# Data Cleaning and Transformation for Merlin Cycles

## 1. Cleaning the FACT_InternetSales Table

In [None]:
-- Cleansed FACT_InternetSales Table
SELECT 
  [ProductKey], 
  [OrderDateKey], 
  [DueDateKey], 
  [ShipDateKey], 
  [CustomerKey], 
  [SalesOrderNumber], 
  [SalesAmount]
FROM 
  [AdventureWorksDW2019].[dbo].[FactInternetSales]
WHERE 
  LEFT (OrderDateKey, 4) >= YEAR(GETDATE()) - 2 -- Ensures we always only bring two years of data from extraction.
ORDER BY
  OrderDateKey ASC;

The **FACT_InternetSales** table was cleansed to retain only the most relevant fields for analysis, including `ProductKey`, `OrderDateKey`, `DueDateKey`, `ShipDateKey`, `CustomerKey`, `SalesOrderNumber`, and `SalesAmount`. By filtering the data to include only the past two years, I ensured the dataset remained current and manageable. This transformation facilitated temporal analysis and streamlined the dataset for efficient loading into Power BI.
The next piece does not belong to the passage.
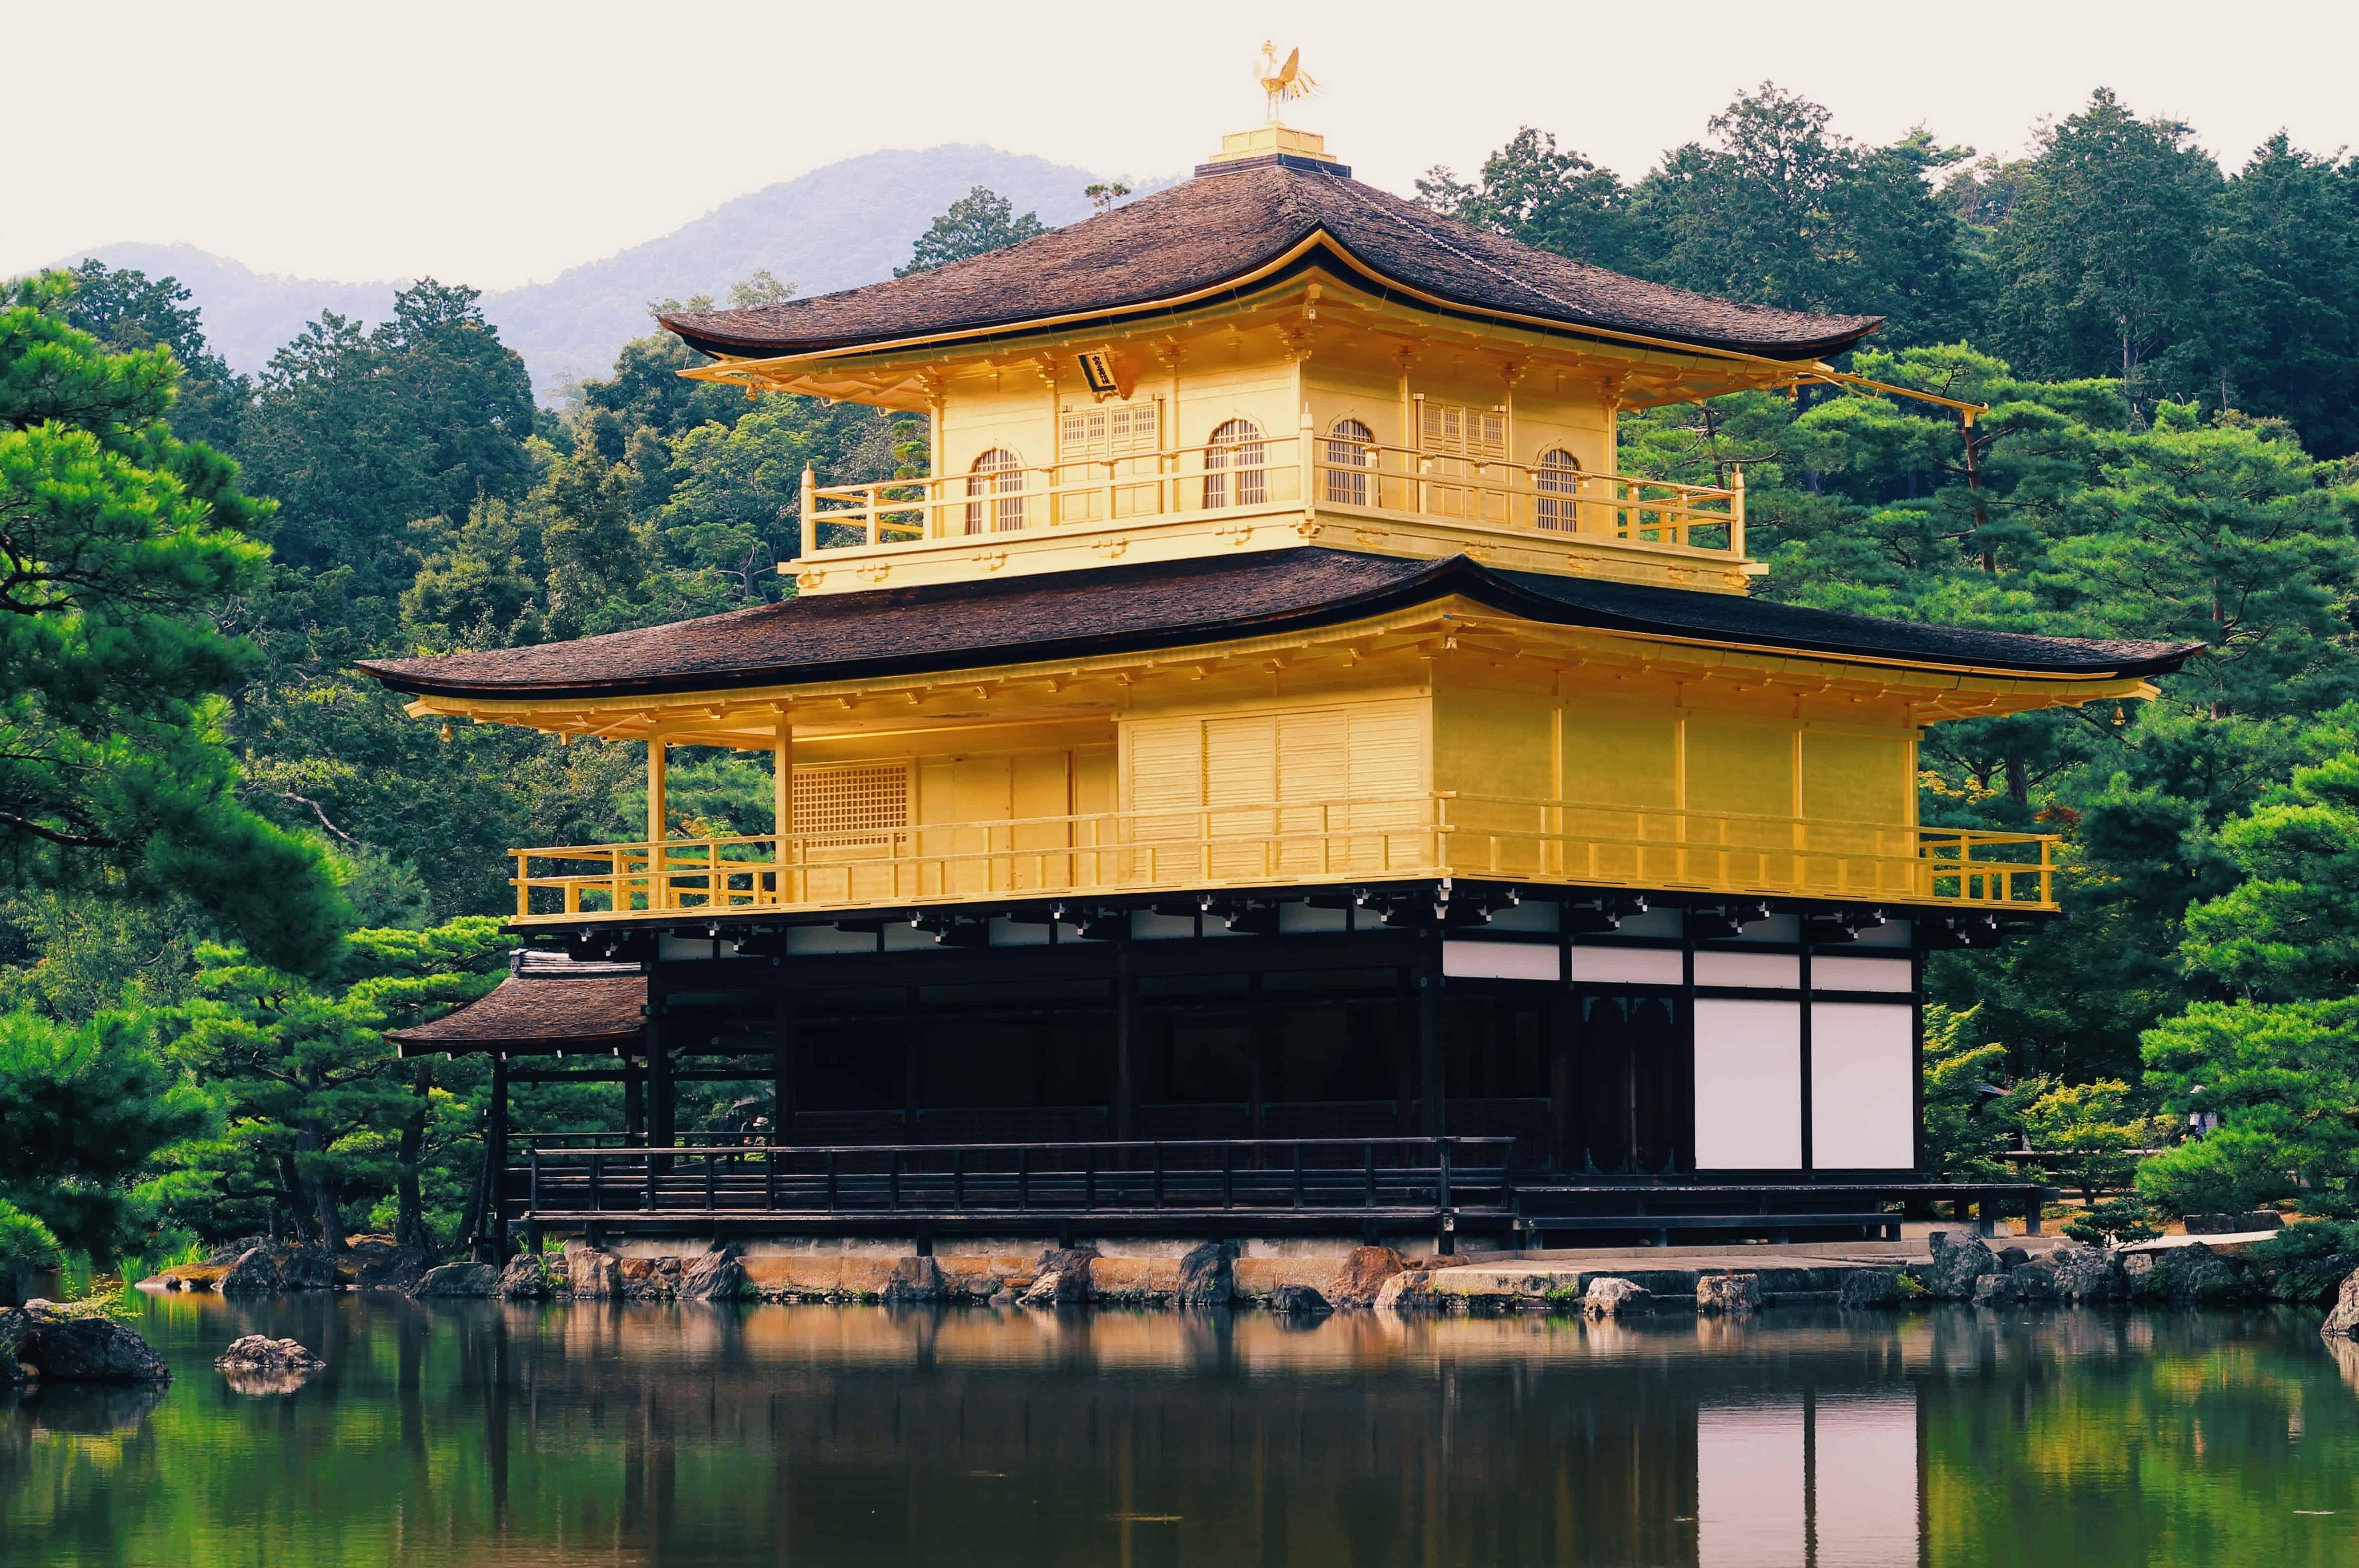 7 โลเคชั่นจากผม แมว และการเดินทางของเรา : วัดคินคะคุจิ (Kinkakuji Temple : 金閣寺)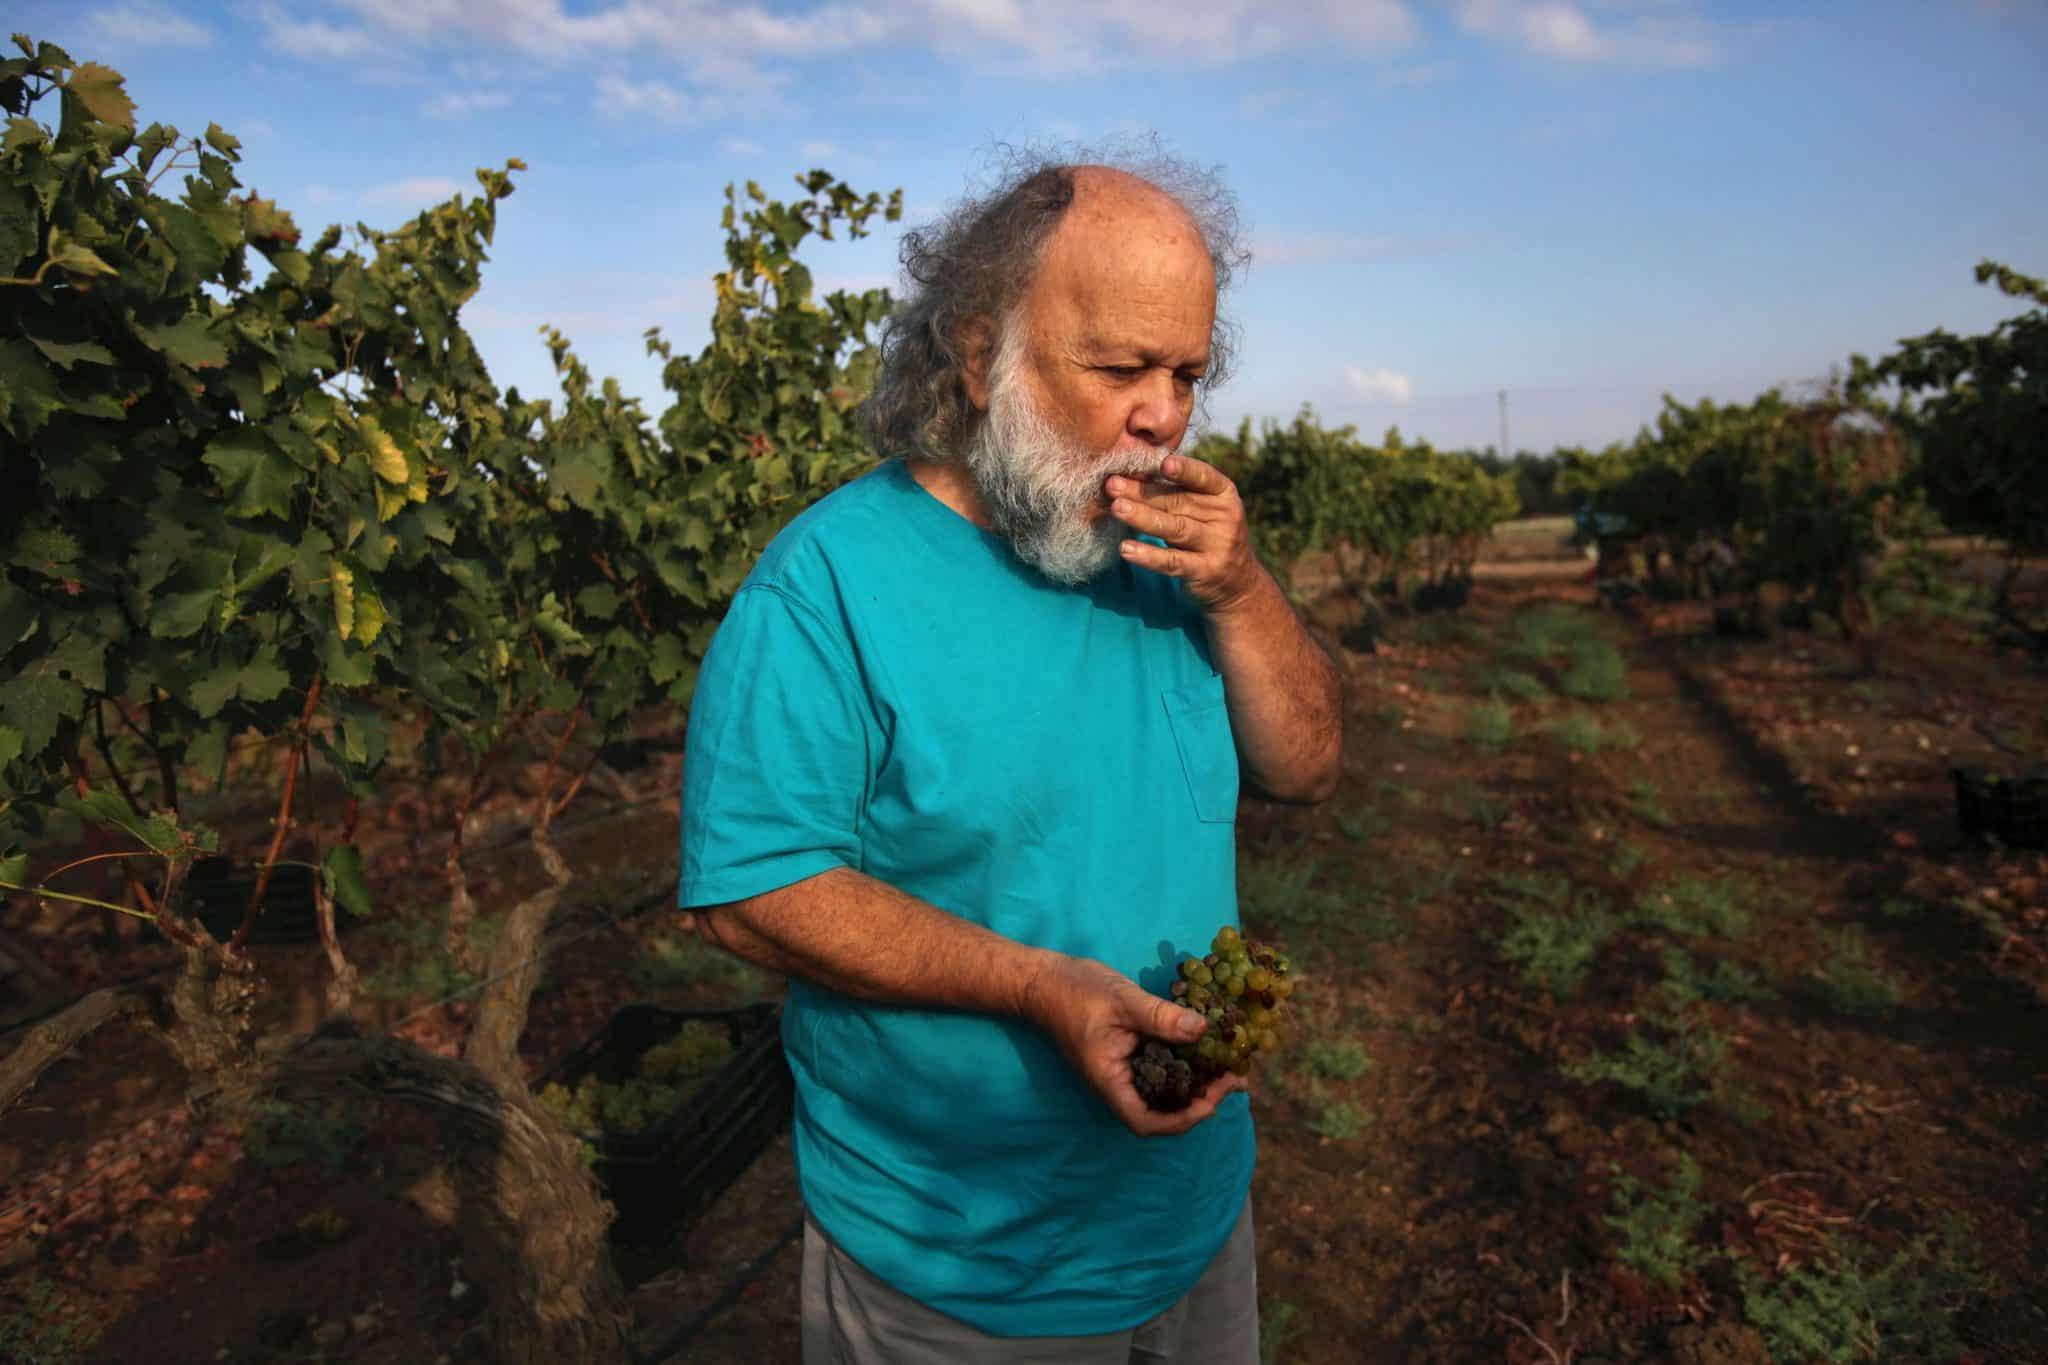 אי אפשר להישאר אדיש אל זאב ואל יינותיו. או שאוהבים או שלא. צילום דוד סילברמן dpsimages

## 2. Cleaning the DIM_Products Table

In [None]:
-- Cleansed DIM_Products Table
SELECT 
  p.[ProductKey], 
  p.[ProductAlternateKey] AS ProductItemCode, 
  p.[EnglishProductName] AS [Product Name], 
  ps.EnglishProductSubcategoryName AS [Sub Category],
  pc.EnglishProductCategoryName AS [Product Category], 
  p.[Color] AS [Product Color], 
  p.[Size] AS [Product Size], 
  p.[ProductLine] AS [Product Line], 
  p.[ModelName] AS [Product Model Name], 
  p.[EnglishDescription] AS [Product Description]
FROM 
  [AdventureWorksDW2019].[dbo].[DimProduct] AS p
  LEFT JOIN dbo.DimProductSubcategory AS ps ON p.ProductSubcategoryKey = ps.ProductSubcategoryKey
  LEFT JOIN dbo.DimProductCategory AS pc ON ps.ProductCategoryKey = pc.ProductCategoryKey
ORDER BY 
  p.[ProductKey] ASC;

The **DIM_Products** table was refined to focus on key attributes such as `ProductKey`, `ProductItemCode`, `Product Name`, `Sub Category`, `Product Category`, `Product Color`, `Product Size`, `Product Line`, `Product Model Name`, and `Product Description`. By joining the product data with subcategory and category tables, I enriched the product information, providing a comprehensive view of the product hierarchy. This detailed product-level analysis is essential for understanding sales performance across various product lines.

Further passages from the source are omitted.